From Chasm Software Wiki
CHASM uses a machine learning method called Random Forest that learns to distinguish between driver and passenger somatic missense mutations, based on a training set of labeled positive (driver) and negative (passenger) examples. The positive class of driver mutations was curated from the COSMIC database and the negative class is composed of synthetic passenger mutations, which are generated according to background base substitution frequencies observed for the specific tumor type (passenger mutation rates). We annotate mutations with multiple features, including amino acid substitution properties, alignment-based estimates of conservation at the mutated position, predicted local structure at the mutated position, and annotations curated from the UniProtKB feature table. The user provides a list of mutations for prediction, as well as a table describing the passenger mutation spectrum for the tumor type in which the mutations were observed. For more information, please refer to these publications.
CHASM is packaged together with SNVBox, a database of predictive features precomputed for every codon in all expressed mRNA transcripts included in the Refseq, CCDS and Ensembl databases. Given a transcript (or protein) accession number, amino acid position, reference and mutant amino acid residues in the encoded protein, and a list of features, SNVBox retrieves the features of interest for the mutation. SNVBox is a command line utility and can be used independently of CHASM. Our software tools are designed to run on modern Linux platforms and to be incorporated into larger genomic annotation pipelines.
CHASM Mutation Scoring Process
Below is a diagram illustration of the CHASM mutation scoring pipeline.
- Somatic non-synonymous single nucleotide mutations to be classified are specified in the form of a transcript accession identifier (RefSeq, CCDS or Ensembl), codon position, reference amino acid residue and mutant amino acid residue. Protein accession identifiers are also accepted.
- Tumor-specific passenger mutation rates are specified.
- Passenger mutations are generated in silico by randomly mutating codons in RefSeq mRNA transcript sequences (included in Classifier Pack), according to tumor-specific passenger mutation rates.
- The classifier is trained using the Classifier Pack driver mutations and the synthetically generated passenger mutations
- Mutations input by the user are scored by the classifier. A score is defined as the fraction of trees in the Random Forest that voted for the mutation being classified as a passenger.
- A second set of passenger mutations is generated (as above) but is filtered to remove any mutations that occur in genes previously associated with cancer in the Cancer Gene Census, COSMIC Cancer Genes, and MSigDB Cancer Genesets (collection C4). The filtered passengers are scored by the classifier to generate an empirical null score distribution.
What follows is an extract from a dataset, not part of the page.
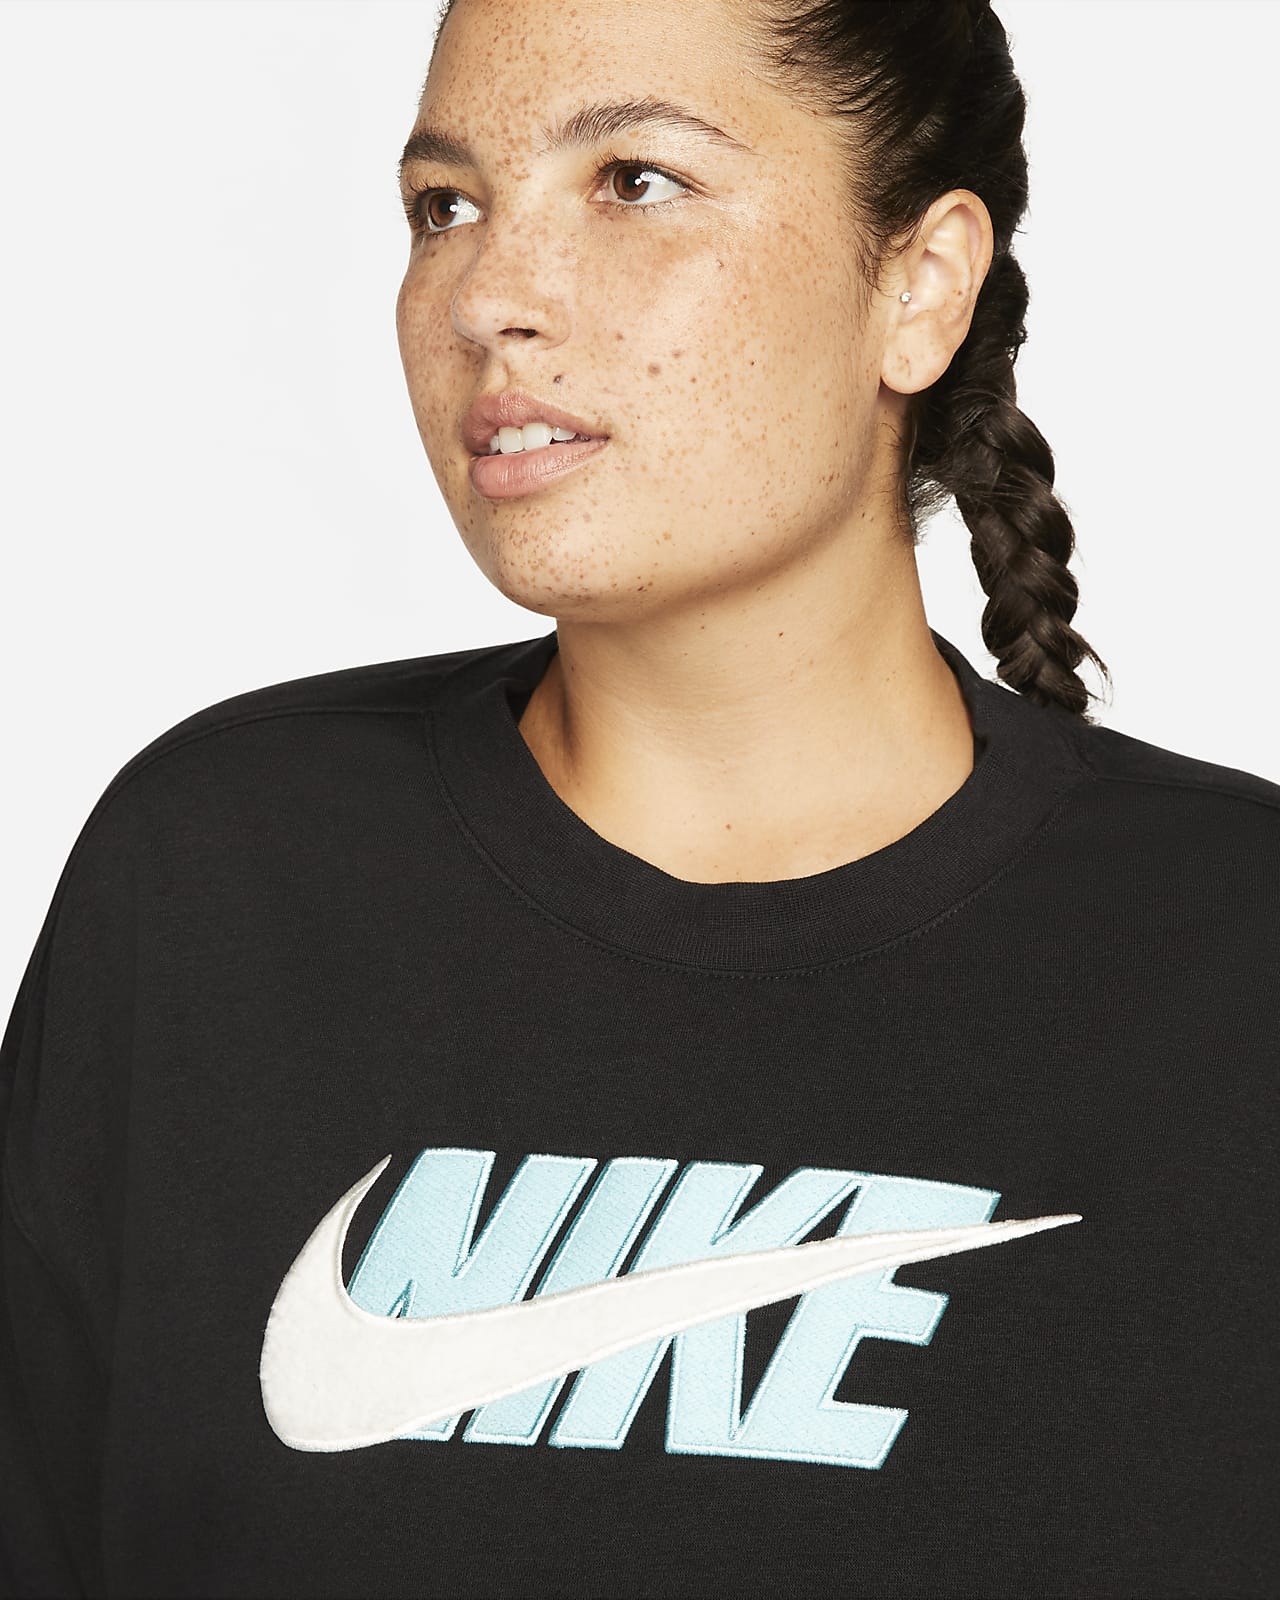 Nike Sportswear Icon Clash Women's Oversized Fleece Crew (Plus Size)
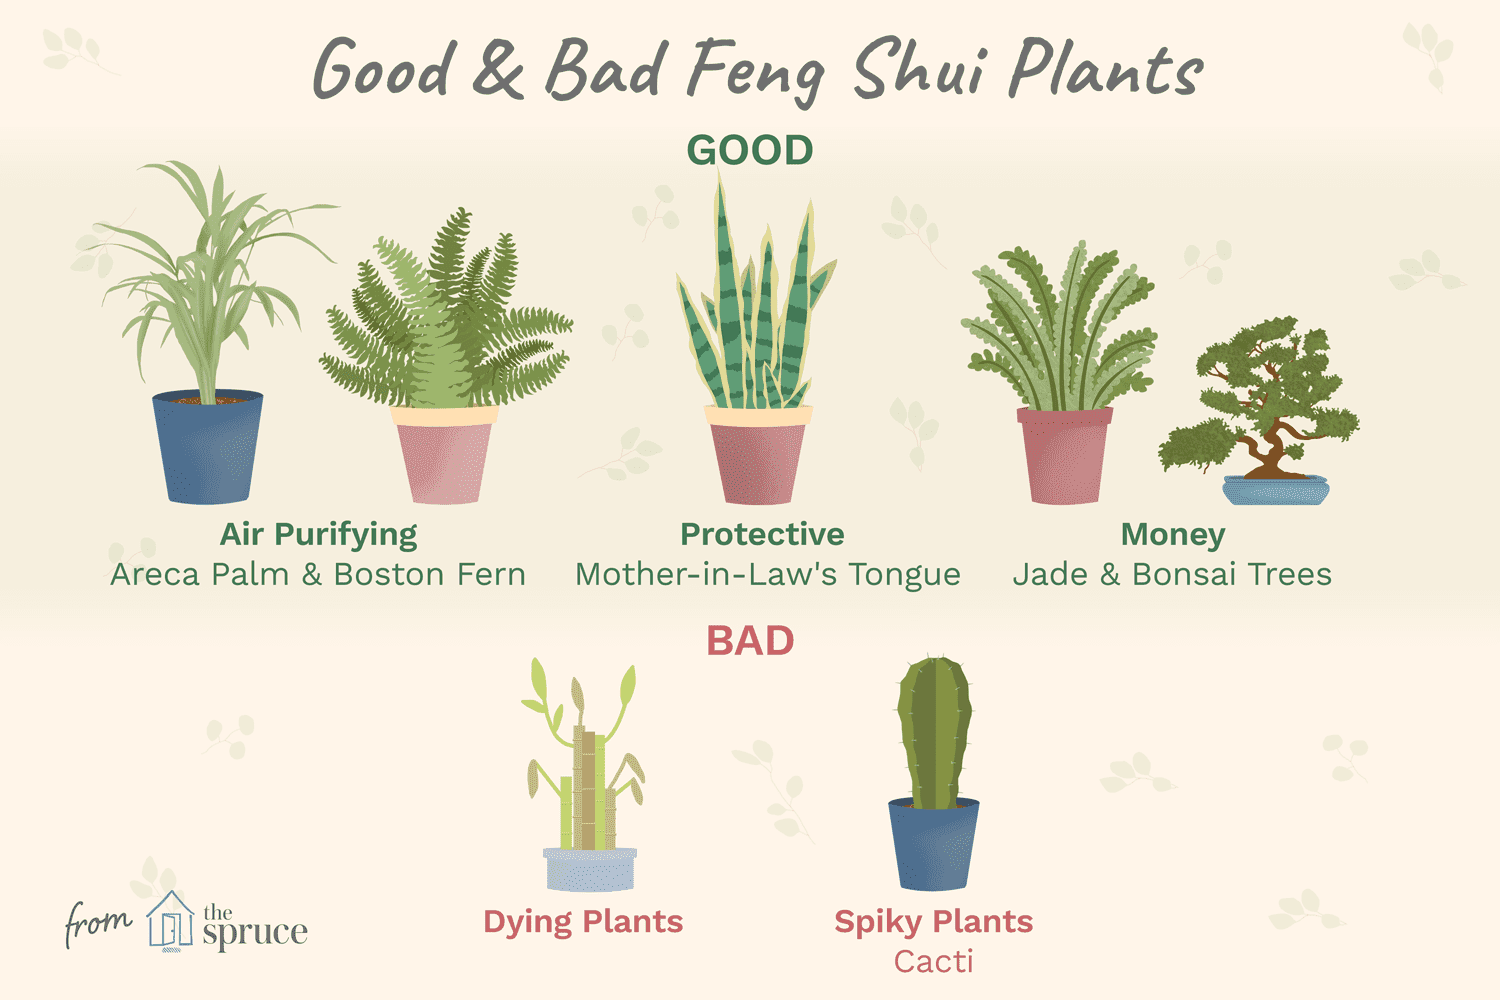 Les meilleures plantes du Feng Shui

- P-values are calculated based on the null score distribution and the Benjamini-Hochberg is applied to estimate the false discovery rates.
CHASM Training Set
The CHASM training set is composed of driver missense mutations from the COSMIC database and synthetic passenger missense mutations simulated to reciprocate the mutation spectrum observed in tumors of similar histological origin.
The driver class of the training set is constructed as follows:
- Genes in the COSMIC database are designated oncogenes or tumor suppressors based on patterns of nonsynonymous mutation observed across multiple tumor sequencing studies.
- A gene is considered an oncogene if the ratio of nonsynonymous mutations affecting the same amino acid position to all nonsynonymous mutations in the gene is greater than 0.15.
- A gene is designated a tumor suppressors if the ratio inactivating mutations (mutations resulting in a premature stop codon, or a shift in the codon reading frame) over all nonsynonymous mutations in the gene is greater than 0.15. Only genes harboring a minimum of 5 nonsynonymous mutations are considered.
- All missense mutations in genes that meet the criteria for oncogene or tumor suppressor in the COSMIC database are included in the driver mutation class.
The passenger class of the CHASM training set is synthetically generated to represent somatic missense mutations that might have occurred at random during tumorigenesis. Tumor sequencing studies have demonstrated DNA sequence specific differences in background substitution rates (also referred to as mutation spectra) among tumors of different histological origins.
Passengers are simulated by sampling from the mutation spectrum observed in sequenced tumors. The mutation spectrum for a tumor sequencing study is first quantified in a passenger mutation rate table. Previous studies of nonsynonymous somatic mutations in cancer have implicated base substitutions in four di-nucleotide contexts as having different mutation rates in some tumor types. In passenger mutation rate table construction, counts of base substitutions are collected and divided into eight groups: the four dinucleotide contexts (C in CpG, G in CpG, C in TpC, G in GpA) and all other events occurring at a A, C, G or T. Base substitutions occurring in genes that are frequently mutated in cancer are considered unlikely to have occurred at random and are not counted. The table is normalized to give relative prevalence of these base substitutions in the tumor genome.